Muitos aparelhos, daí a maravilha desta era tecnológica, permitem que o nosso ego se projecte à distância. Mesmo as nossas chamadas no telemóvel conseguem dispersar-se para além da atmosfera terrestre. E isso não é pouco. Vestígios da nossa existência poderão ser detectados por hipotéticos seres inteligentes fora da terra. E o seu grau de inteligência será proporcional, como é óbvio, à sua capacidade de se conectarem com o nosso ego.
Esta projecção à distância e as maravilhas que ela traz, torna cada vez mais difícil que consigamos livrar-nos de nós, da nossa ditadura sobre a vida em nós. Pelo que a fortuna dos Gates deste mundo continua mais do que assegurada.

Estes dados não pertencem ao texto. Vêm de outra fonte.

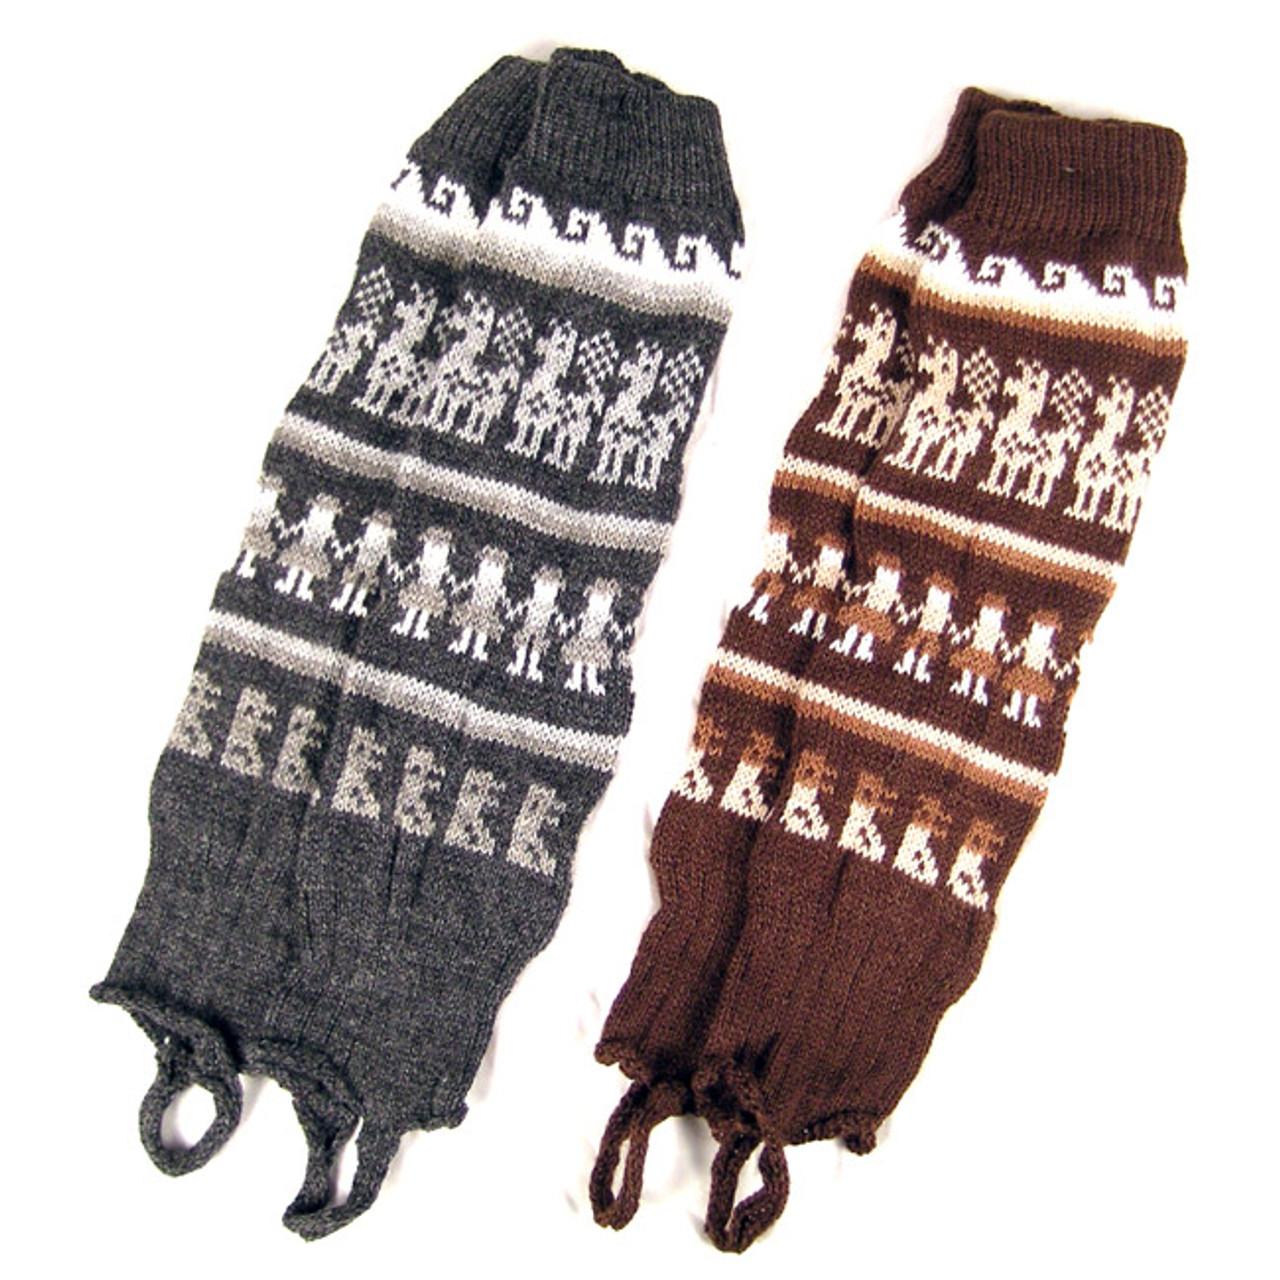 Fair Trade Unisex Bolivian Soft Alpaca Woollen Wool Legwarmers for Man or Woman

Enquanto isso o planeta definha. As baterias dos inúmeros aparelhos de assistência ao egotismo, a poluição resultante da queima de combustíveis fósseis, no frenesim industrial de manutenção do imperialismo do fantasma que é, a consumação em grande dum cartesianismo pequenino, dos pequeninos, tudo isso, juntamente com tudo o mais que seria fastidioso aqui referir, está a destruir a Natureza.
O que é bom, porque o ego da malta ecologista tem com que se alimentar.